总之,如果节点已经有直接边连接目标节点,我不想发现该节点的路径。这意味着在CTE的递归术语中,我希望有一些条件来表示以下内容,伪代码如下:
  WITH RECURSIVE transitive_closure (source, target, weight, path_string) AS
  ( 
   --non-recurive term (as before)
   SELECT b.node_x, b.node_y, b.strength, b.node_x || '.' || b.node_y || '.' AS path_string
   FROM best_path b
   WHERE b.node_x = node_s --source_node

   UNION

   --recurive term
   SELECT tc.source, b.node_y, least(tc.weight,b.strength), tc.path_string || b.node_y || '.' AS path_string
   FROM best_path AS b JOIN transitive_closure AS tc ON b.node_x = tc.target
   WHERE tc.path_string NOT LIKE '%' || b.node_y || '.%'
     AND b.node_y = node_t 
     --will select only rows with direct edge to target

   UNION (second union is not allowed in CTE)

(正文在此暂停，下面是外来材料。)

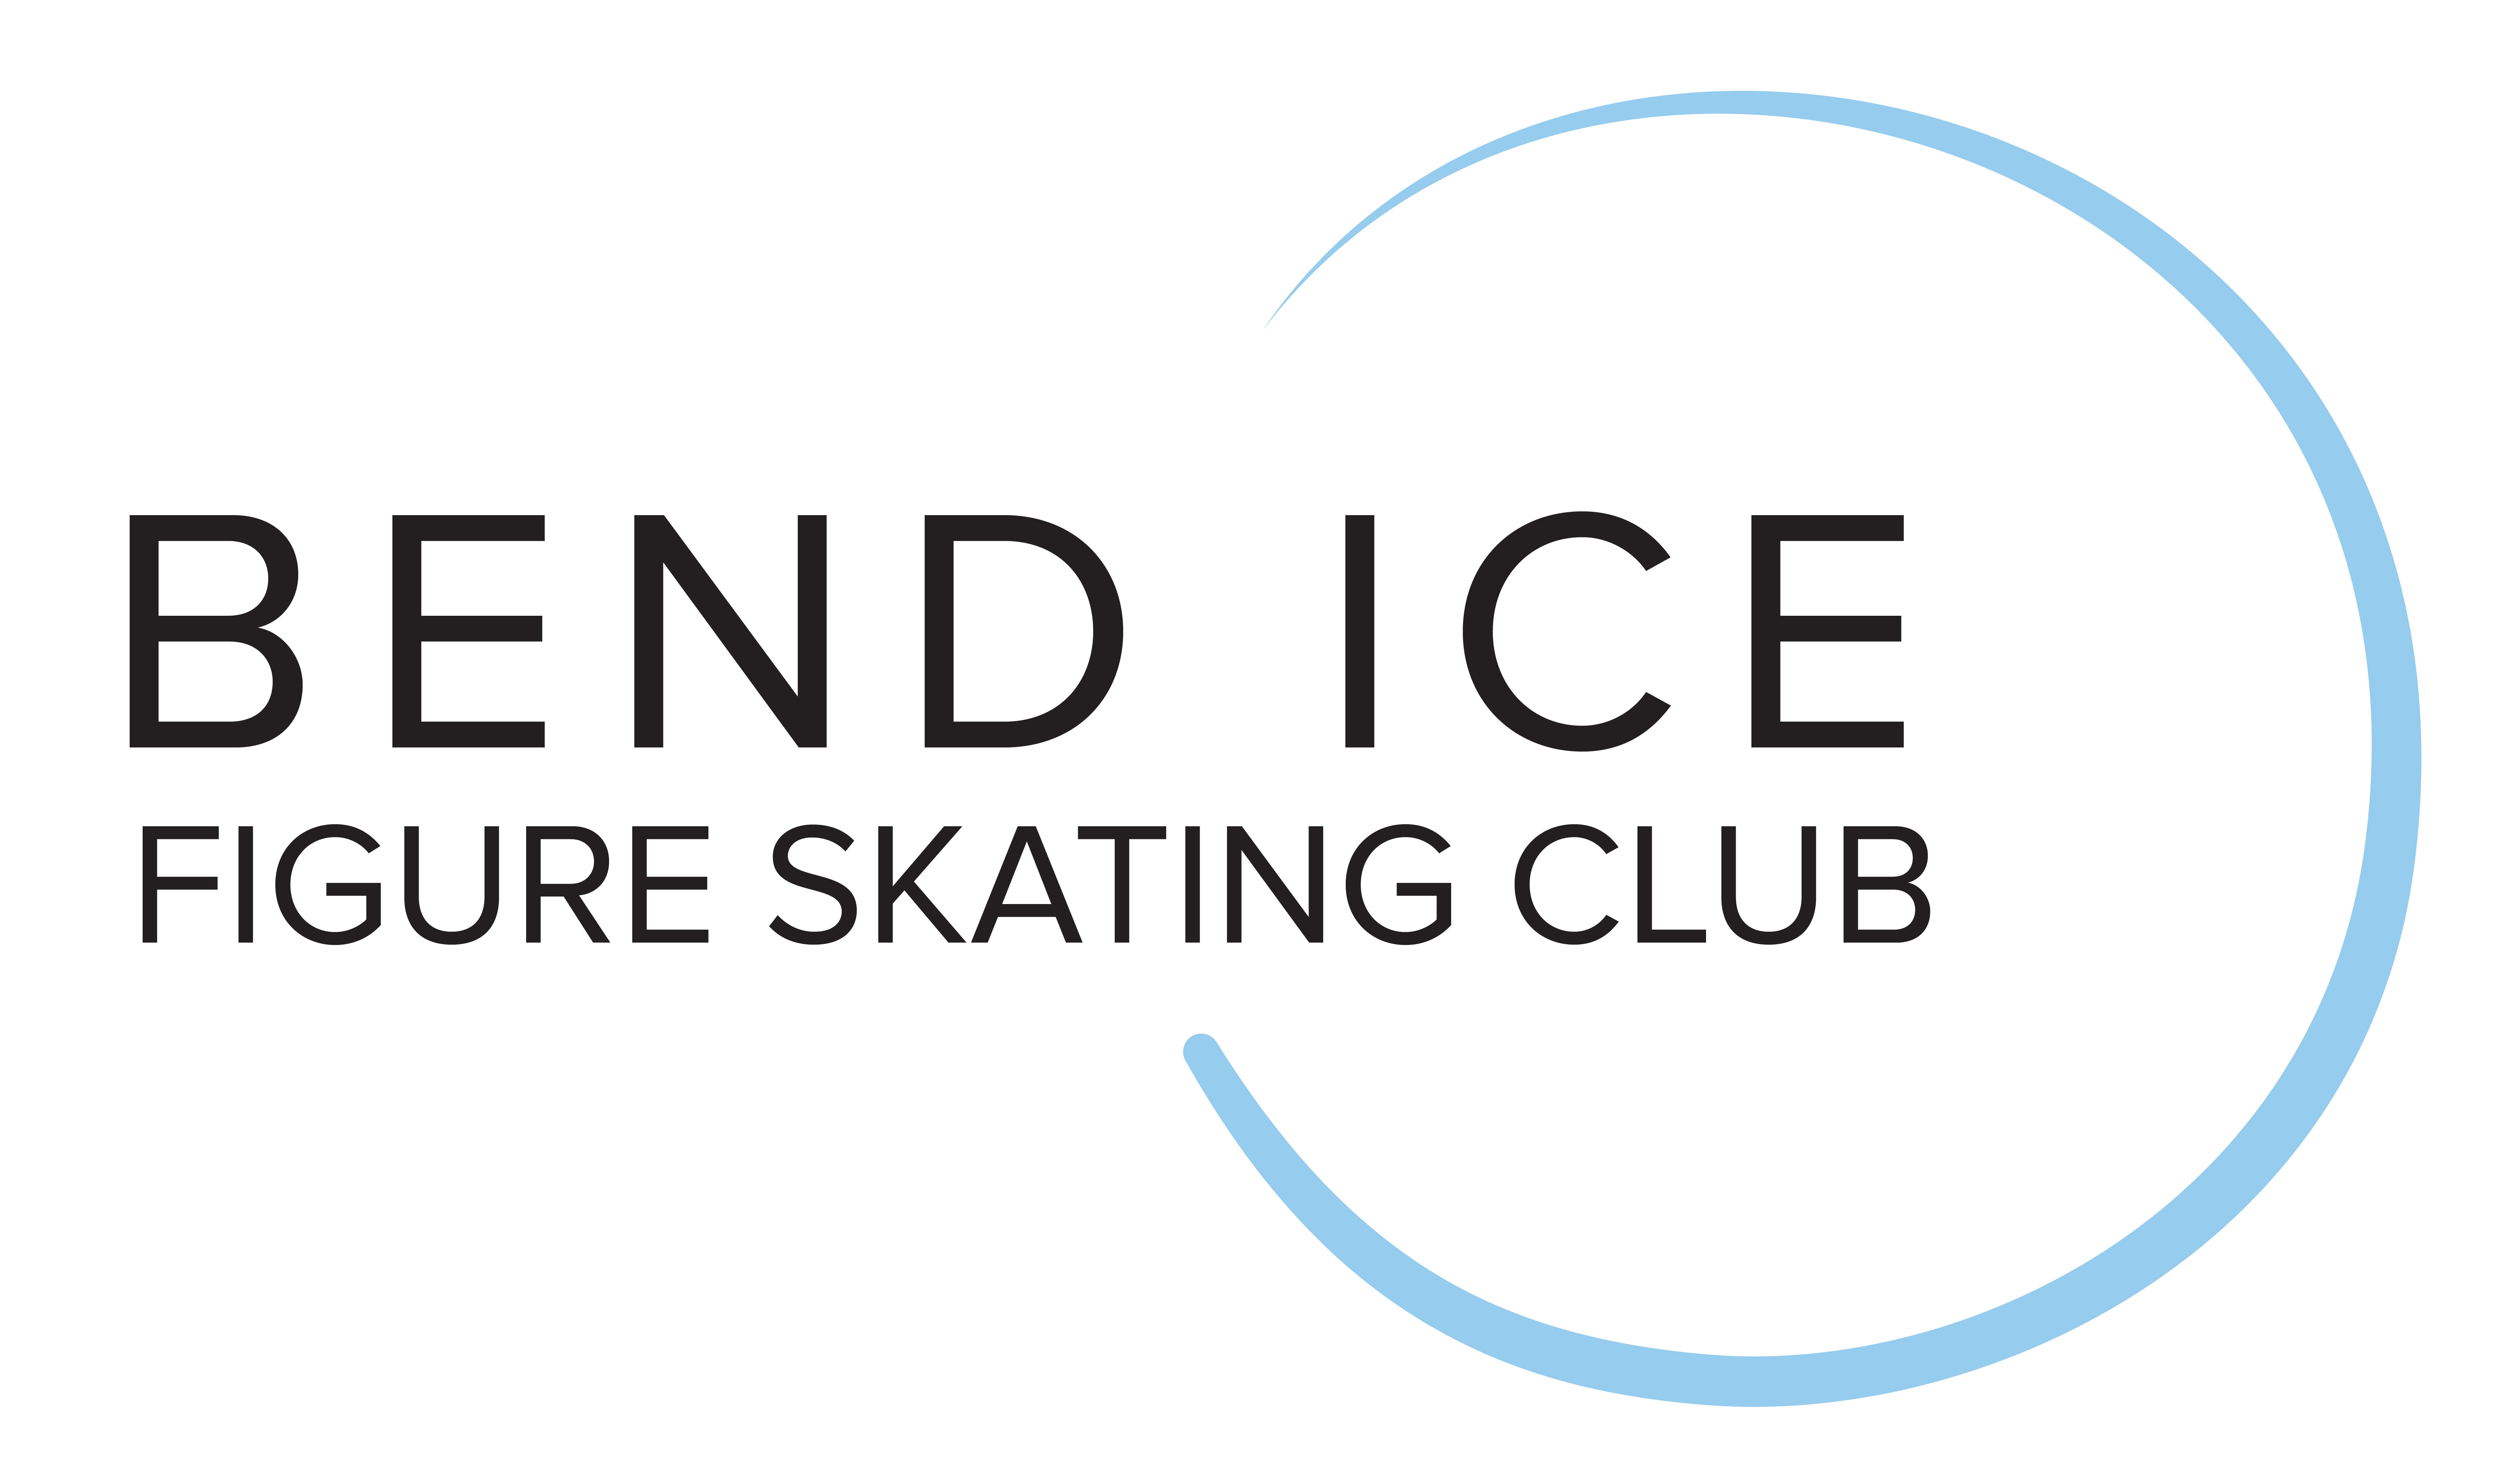 Bend Ice Figure Skating Club

   SELECT those rows which do not have direct edge to target 
   AND which parents did not contribute to constructing the query above. 
   i.e. b.node_x = tc.target where there is no direct edge between b.node_x to node_t
  )

为了查询从源节点=1到目标节点=4的路径,我希望有以下内容:

 source | target | strength | path_string
--------+--------+----------+------------
      1 |      2 |        1 | 1.2.
      1 |      3 |        1 | 1.3.
      1 |      4 |        1 | 1.2.4.
      1 |      6 |        1 | 1.3.6.
      1 |      7 |        1 | 1.3.7.

感谢你的帮助!
我已经尝试了很多方法:例如在FROM / WHERE子句中使用条件,尝试将CTE传递到函数中,但是没有成功。
任何建议都将不胜感激。
我有自己的递归函数可以实现我想要的目标,但是在大量数据上非常缓慢;而PostgreSQL的CTE显然经过了良好的优化,因此我想更深入地研究它。

如果Source = 2且Target = 5,结果是什么?请在您的问题中附加它。我正在尝试完善这个查询:https://dev59.com/C2PVa4cB1Zd3GeqP4VDr#10395130 - Michael Buen
第一个CTE将输出不希望的结果: 2 - > 4(2.4.),2 - > 5(2.5.),2 - > 8(2.4.8.),2 - > 9(2.4.9.),2 - > 10(2.5 .10.),2 - > 11(2.5.11.)。期望输出是: 2 - > 5(2.5.) - aza07
@MichaelBuen 谢谢,目前正在测试,测试结果出来后会回来! - aza07
另一种查询优化方法,虽然不适用于其他数据库,但仅适用于Postgresql,它使用DISTINCT ON: https://dev59.com/C2PVa4cB1Zd3GeqP4VDr#10401572 - Michael Buen
4个回答

2

如果您从底部开始搜索路径,可以使搜索更加高效。从孩子节点开始搜索,而不是从父节点开始搜索。如果从父节点开始搜索,需要遍历所有的子节点;而如果从子节点开始搜索,它只有一个父节点,因此在查找源节点和目标节点之间的路径时不会浪费时间。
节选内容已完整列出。